Output from the above zgrep pattern

[2018-05-08 09:43:32,135] hostname 1525787013878 UA:MP:HR722540 http-nio-8080-exec-14 ERROR Exception while search for products (CartService)
[2018-05-08 09:43:41,636] hostname 1525787029223 UA:MP:HR722540 http-nio-8080-exec-45 ERROR Exception while search for products (CartService)
[2018-05-08 11:24:07,182] hostname 1525793054329 UA:MP:EG359458 http-nio-8080-exec-32 ERROR Exception while search for products (CartService)
[2018-05-08 11:24:26,796] hostname 1525793068993 UA:MP:EG359458 http-nio-8080-exec-45 ERROR Exception while search for products (CartService)
[2018-05-08 11:24:30,903] hostname 1525793073833 UA:MP:EG359458 http-nio-8080-exec-7 ERROR Exception while search for products (CartService)
[2018-05-08 11:24:54,760] hostname 1525793099189 UA:MP:EG359458 http-nio-8080-exec-5 ERROR Exception while search for products (CartService)
[2018-05-08 11:25:16,744] hostname 1525793124418 UA:MP:EG359458 http-nio-8080-exec-18 ERROR Exception while search for products (CartService)
[2018-05-08 11:25:21,622] hostname 1525793122821 UA:MP:EG359458 http-nio-8080-exec-2 ERROR Exception while search for products (CartService)

Please help in getting
1. Only the unique clientID,programId,userID. Am not familiar with sed for getting this result.

Any help is appreciated.

Hmmm - are you sure?

Hello nextStep,

Could you please try following and let me know if this helps.

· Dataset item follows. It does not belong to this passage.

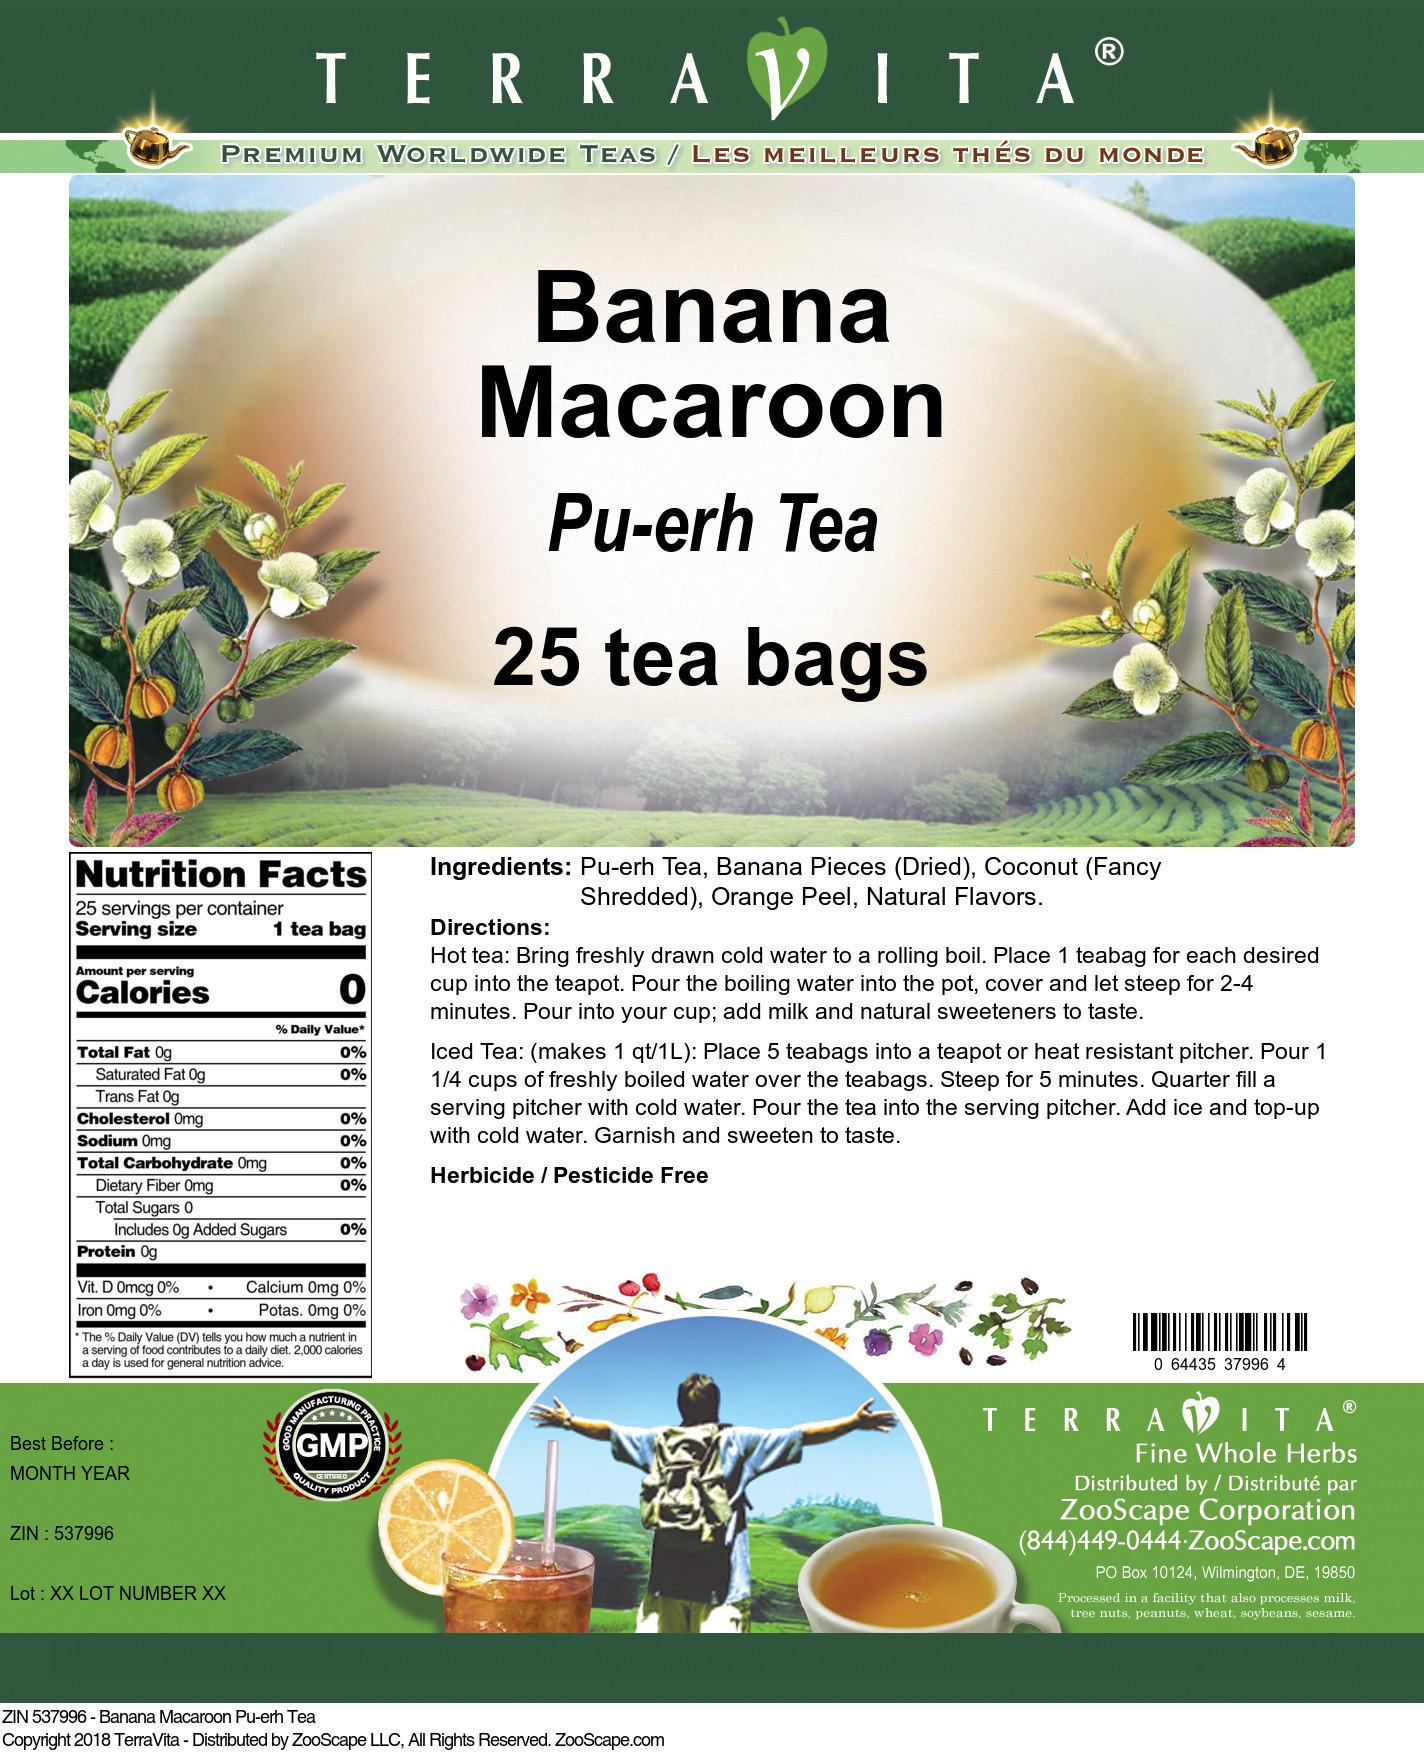 Banana Macaroon Pu-erh Tea

awk 'match($0,/UA:MP:[a-zA-Z]+[0-9]+/) && !a[substr($0,RSTART,RLENGTH)]++{print substr($0,RSTART,RLENGTH)}'  Input_file

Thanks,
R. Singh

1 Like

I am sorry for that.Hit the send button quickly

---------- Post updated at 05:11 AM ---------- Previous update was at 05:07 AM ----------

Hello Ravinder,

That code worked, much thanks. Pasting the output below.

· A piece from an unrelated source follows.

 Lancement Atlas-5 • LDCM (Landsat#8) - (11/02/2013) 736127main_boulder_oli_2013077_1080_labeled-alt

 zgrep -B1 "Failed to calculate US Tax" logFile  | zgrep "CartService" |awk 'match($0,/UA:MP:[a-zA-Z]+[0-9]+/) && !a[substr($0,RSTART,RLENGTH)]++{print substr($0,RSTART,RLENGTH)}'

UA:MP:HR722540
UA:MP:EG359458

Could you please explain the logic you have used above.

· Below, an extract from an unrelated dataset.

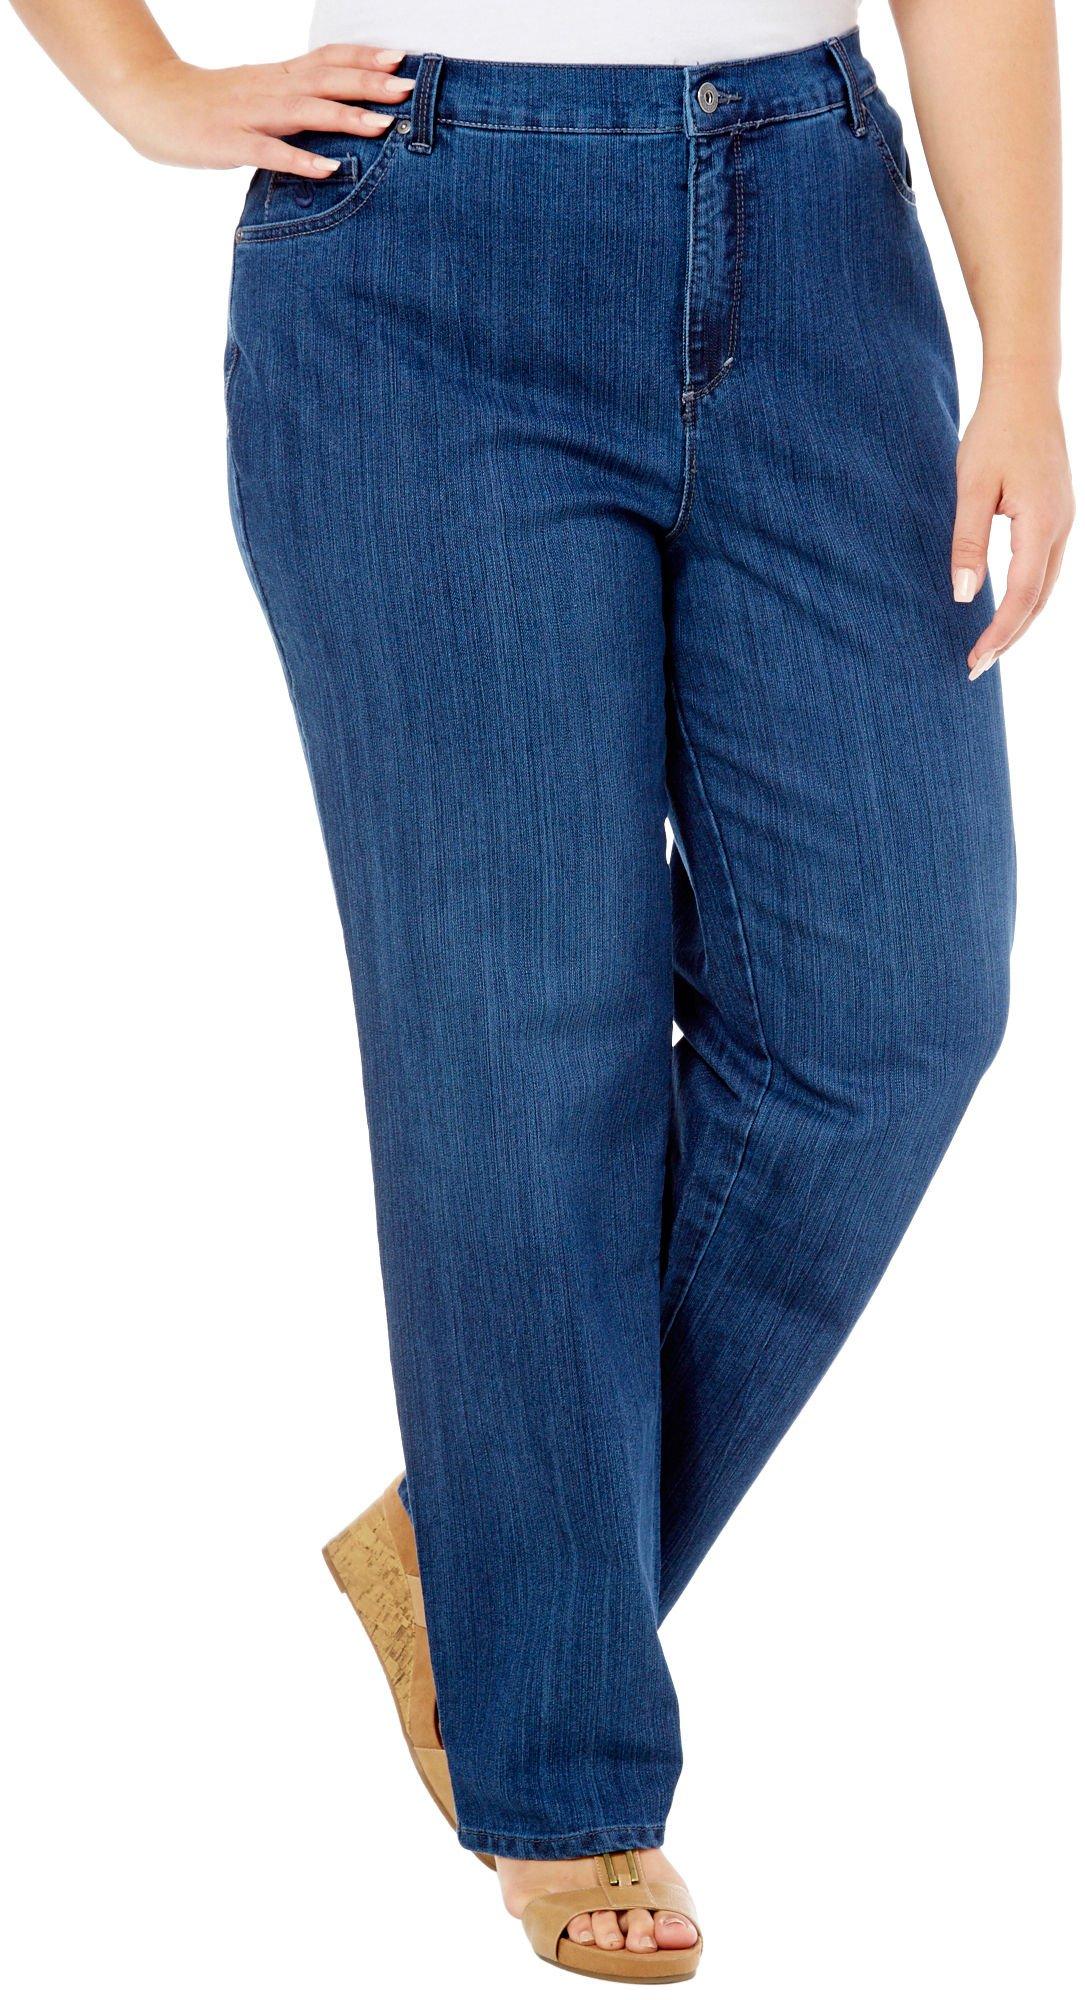 Gloria Vanderbilt Women's Plus-Size Amanda Tapered Leg Jean Average Length 31.5 Inch Inseam (16W, Blue (Scottsdale))

Here are some alternatives you could try:

zgrep -B1 "Failed to calculate US Tax" log-gr_base.log.2018-05-08.gz | grep "CartService" | grep -Eo "[[:upper:]]{2}:[[:upper:]]{2}:[[:upper:]]{2}[[:digit:]]{6}" | sort -u

or

zgrep -B1 "Failed to calculate US Tax" log-gr_base.log.2018-05-08.gz | sed -n '/CartService/s/.*\(..:..:........\).*/\1/p' | sort -u
gzcat log-gr_base.log.2018-05-08.gz | awk '/Failed to calculate US Tax/{print p}{p=$5}' | sort -u 

or

gzcat log-gr_base.log.2018-05-08.gz | awk '/Failed to calculate US Tax/ && !A[p]++{print p}{p=$5}' 

Hello nextStep,

Following is the explanation may help you on same.

awk '
match($0,/UA:MP:[a-zA-Z]+[0-9]+/) && !a[substr($0,RSTART,RLENGTH)]++{  ##Using match utility of awk to match REGEX UA:MP: alphabets till all occurrences then till all digits all occurrences AND(condition) to check if array a should NOT have index of substring of RSTART and RLENGTH variables then print substring of that line whose starting point is value of RSTART and final points RLENGTH.
   print substr($0,RSTART,RLENGTH)                                     ##Printing the substring whose value starts from RSTART to RLENGTH values.
}'  Input_file                                                                      ##Mentioning Input_file name here.
 

Thanks,
R. Singh

1 Like

Thanks.gzcat was not recogonized .Could you please help me to understand

sed -n '/CartService/s/.*\(..:..:........\).*/\1/p' | sort -u
grep -Eo "[[:upper:]]{2}:[[:upper:]]{2}:[[:upper:]]{2}[[:digit:]]{6}" 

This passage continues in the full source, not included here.